Deputy Assistant Commissioner Richard DiNucci will become the acting assistant commissioner when Gina steps down in early September.
Gina is a 30-year veteran of U.S. Customs who has held a number of key headquarters positions in recent years, including deputy assistant commissioner for the Office of Intelligence and Operations Coordination and the executive director of the Container Security Initiative and Secure Freight Initiative offices.
Gina began his career in 1983 as a Customs inspector.
He called it a “blessing” to work at Customs and named Winkowski and former commissioners Carol Hallet and George Weiss as role models.
Gina received a lengthy standing ovation for his service from his colleagues and private sector representatives in the audience.
The Office of International Trade is responsible for developing policies related to trade enforcement, including intellectual property rights, free trade agreement rules and antidumping orders, simplifying compliance and communicating legal requirements to the trade.

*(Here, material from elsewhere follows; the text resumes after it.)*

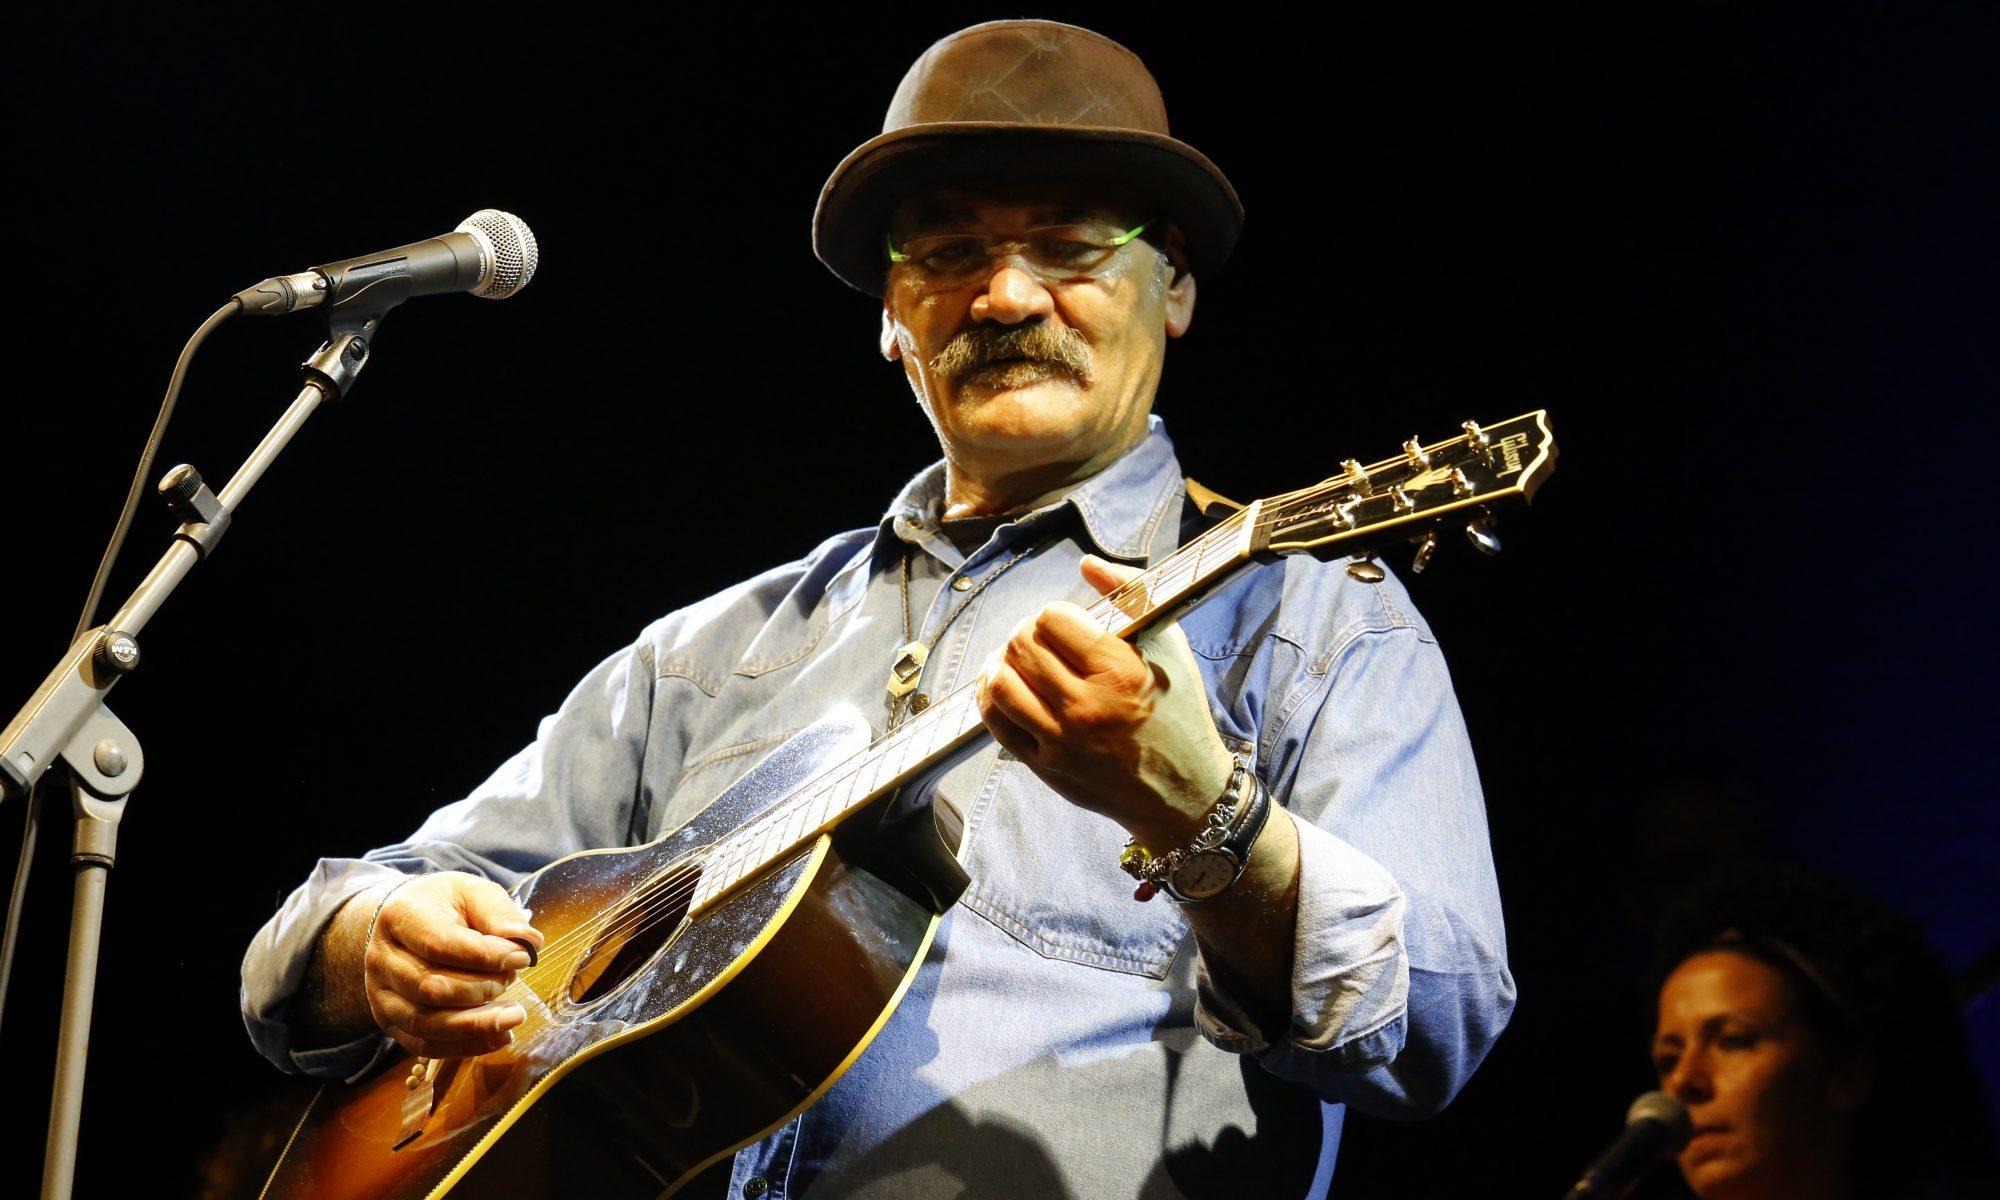 Lino Rufo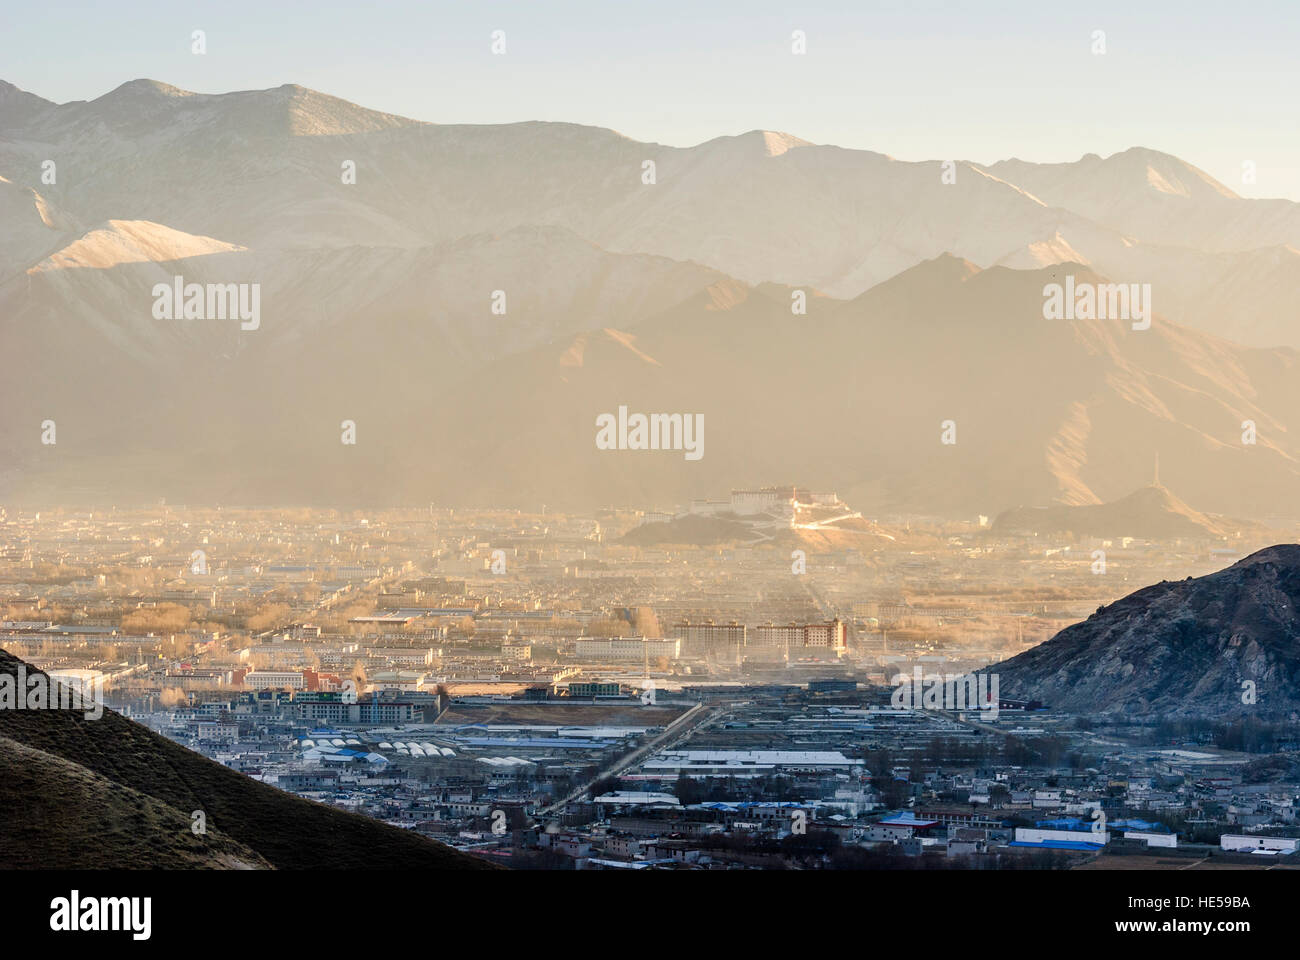 Lhasa: View of Lhasa with the Potala, Tibet, China - Stock Image

It also works to create partnership programs with industry to streamline the flow of legitimate shipments.
Winkowski also said David Murphy, who has been the acting assistant commissioner of field operations for the past six months, will retire at the end of September. Murphy also has 30 years under his belt at the agency. He previously headed CBP’s regional field office in Chicago for several years.
Gina said one of his goals each day is to inspire other people. “Maybe I’ve inspired Dave to retire as well,” he joked.

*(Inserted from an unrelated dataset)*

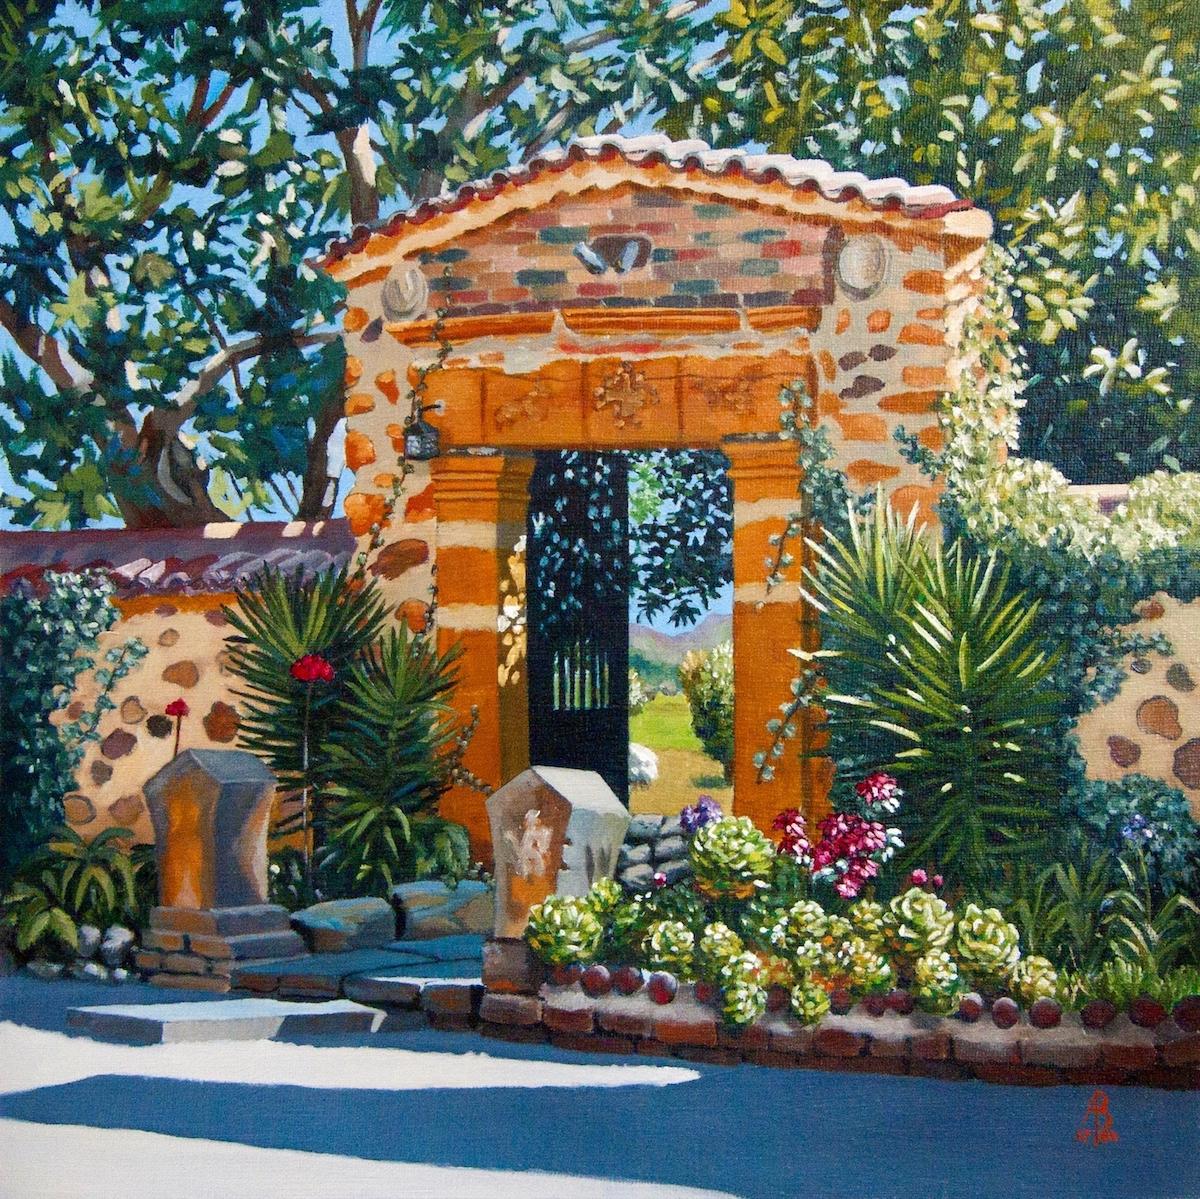 Alix Baker, To a Monastery Garden, Colombia, Oil, 40 x 40 x 0.5,  http://www.alixbaker.com

In other news, Cynthia Whittenberg has been named the executive director of trade policy and programs. John Leonard, the acting executive director who took over last year when Brenda Smith went to lead the Automated Commercial Environment (ACE) Business Office following the departure of Cindy Allen to the private sector, will become the Customs attaché in Singapore. Customs attachés serve as the liaison with host government officials on trade and security matters, and also assist U.S. companies with any customs-related issues. Whittenberg has worked on the ACE development team for the past year. Before that she was director of trade facilitation and administration in the Office of International Trade.
Elena Ryan, who has been in charge of CBP’s effort to rewrite antiquated regulations governing customs brokers, was named director of the Centers of Excellence and Expertise transition team. She will be responsible for realigning CBP resources and staff to operate the 10 new offices set up as part of the agency’s initiative to reduce red tape for cross-border transactions.

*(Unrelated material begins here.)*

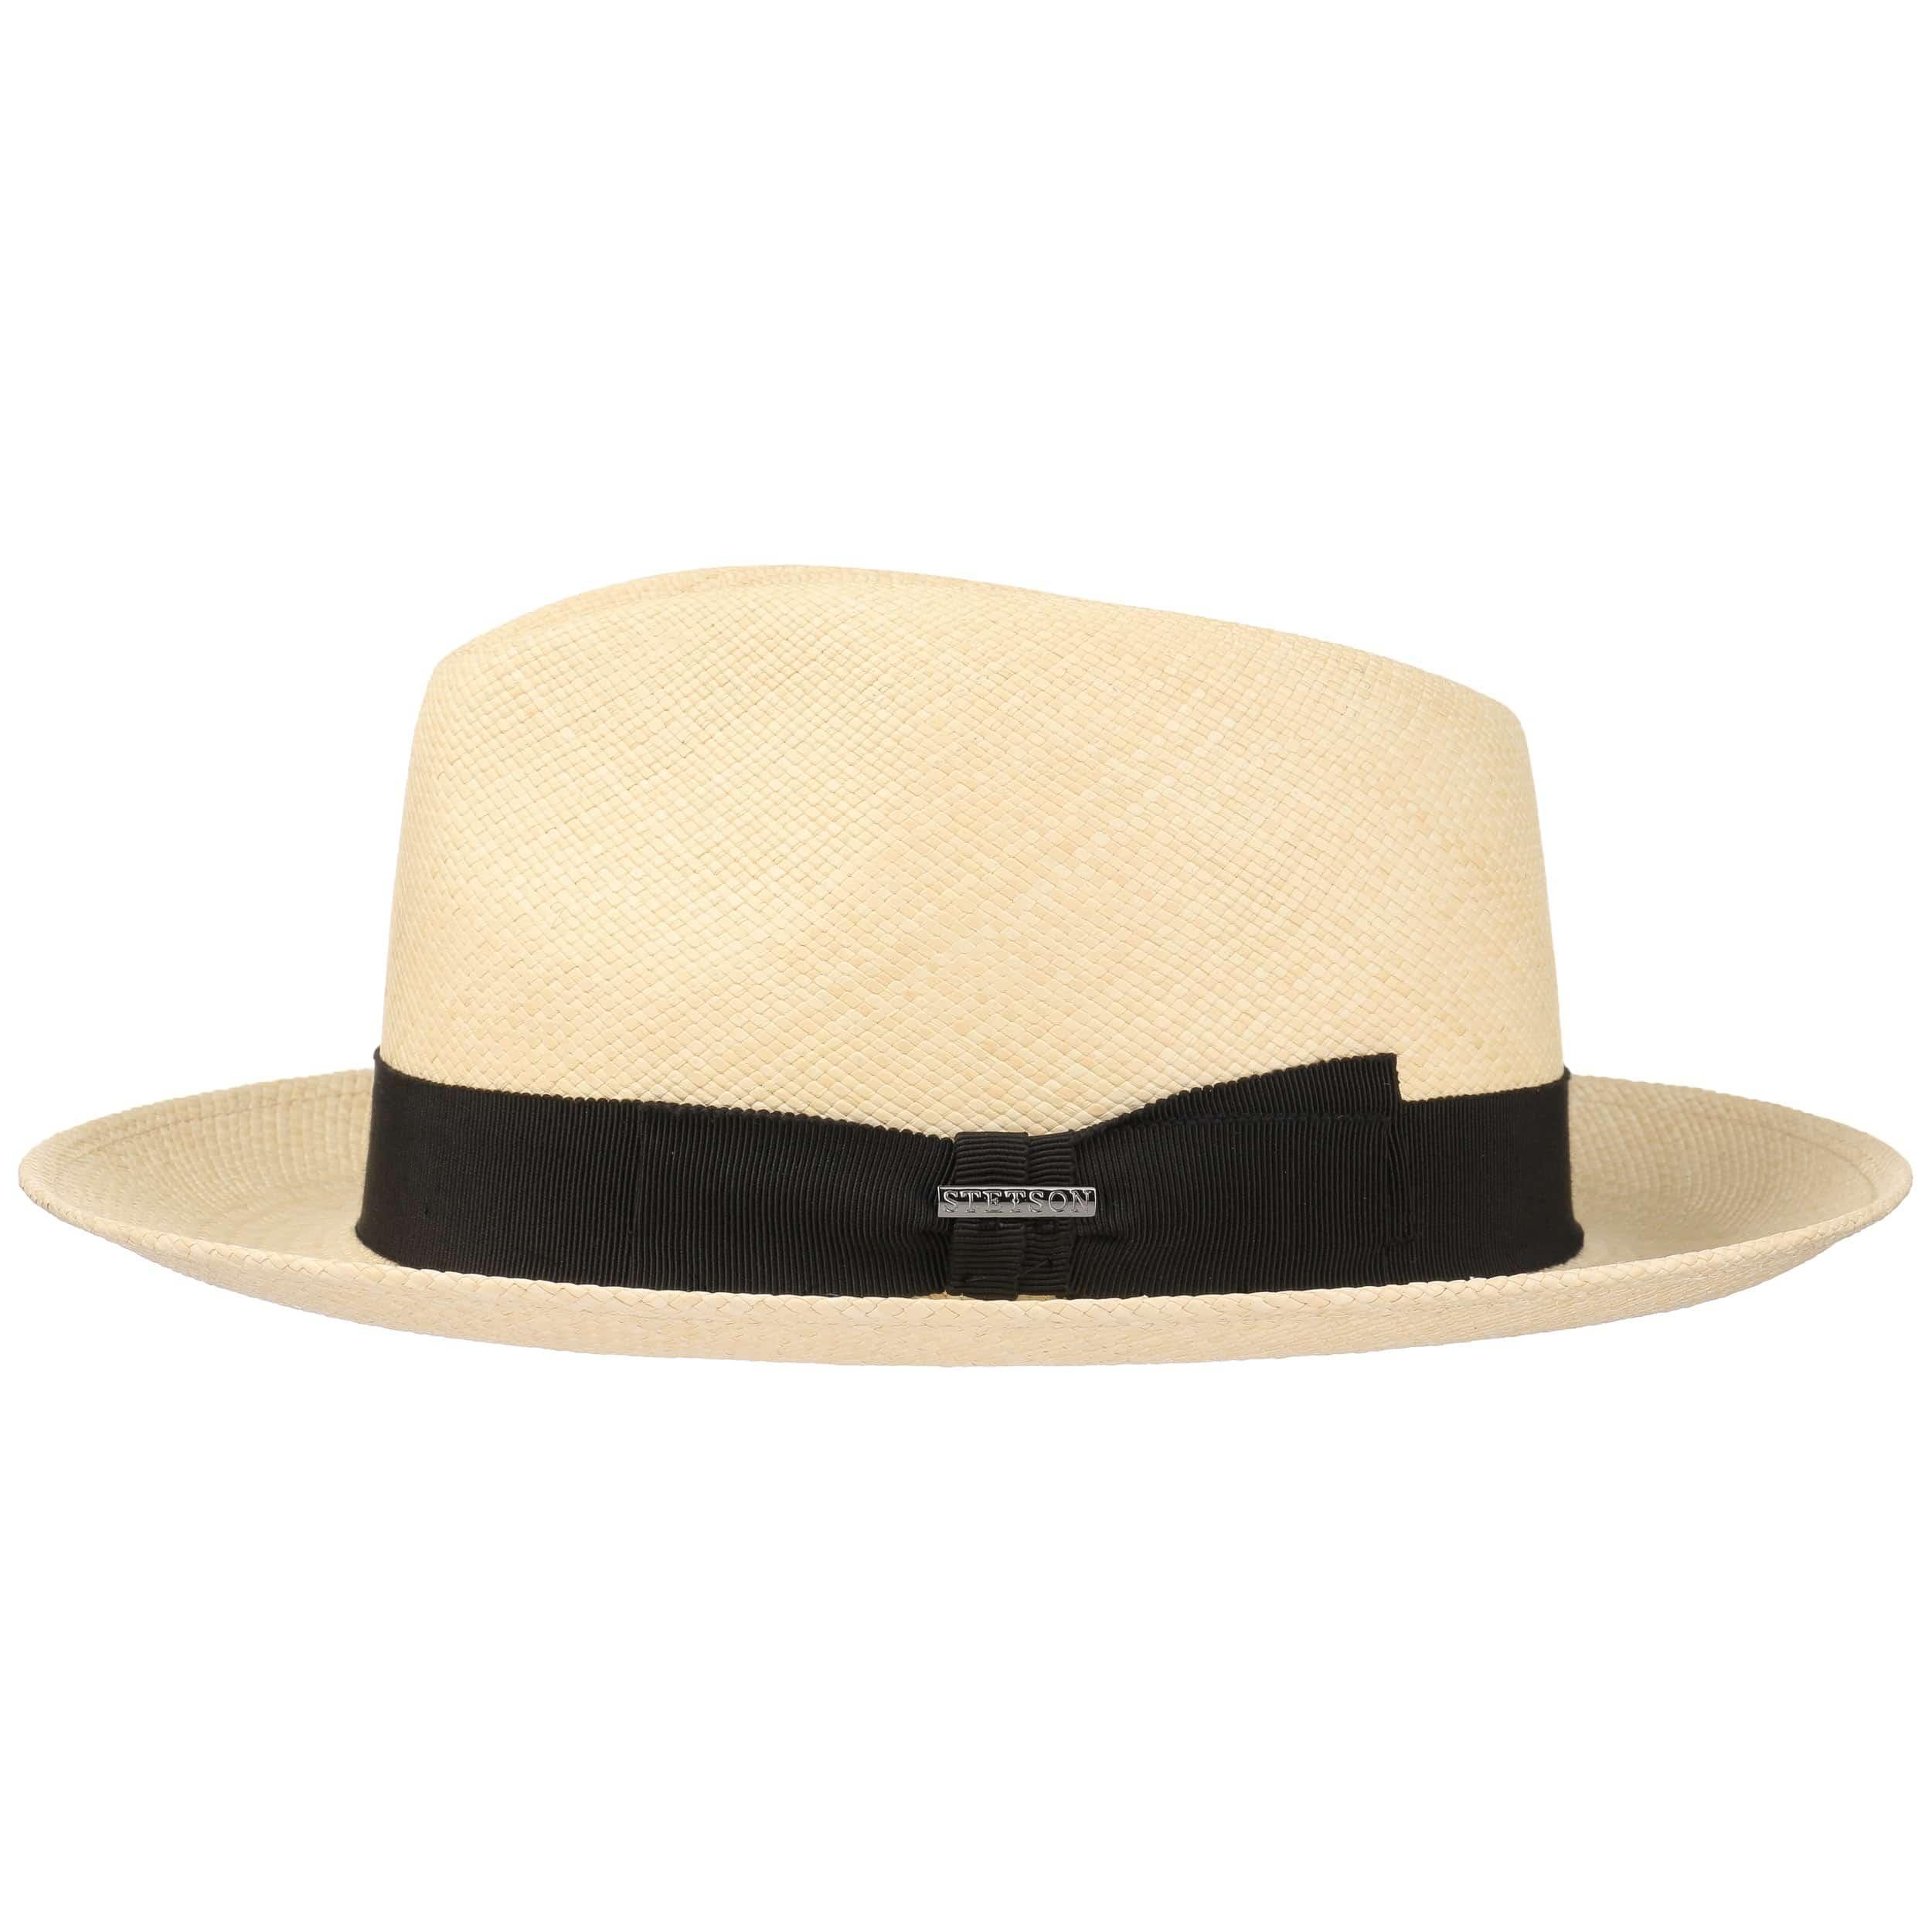 4abfb426984e Solano Fedora Panama Hat by Stetson, GBP 149,00 --> Hats, caps ...

Heather Sykes will become the project manager for the role-of-the-broker initiative.
The departures of Gina and Murphy are a significant loss for the agency because of their institutional knowledge and expertise. Gina, in particular, is well regarded as a progressive civil servant who is willing to rethink how the government operates to make life easier for the businesses it regulates.
Several other significant officials have left CBP in the past year.
Acting Commissioner David Aguilar retired in April after 15 months at the helm, during which time he helped maintain momentum for the agency’s trade transformation initiative.
Jeremy Baskin retired June 1 after a long career at legacy Customs and CBP. He was the senior advisor to the executive director of Regulations and Rulings. He was a trusted liaison to the trade community on compliance issues and played significant roles in CBP’s Fines, Penalties and Forfeitures program, the development of ACE, and the bond and entry programs.
A year ago, Cindy Allen, the head of the ACE Business Office, returned to the private sector after helping put the troubled program back on its feet.
Industry officials worry that CBP is not recruiting enough talented people in the lower ranks to eventually move up and replace others who are promoted.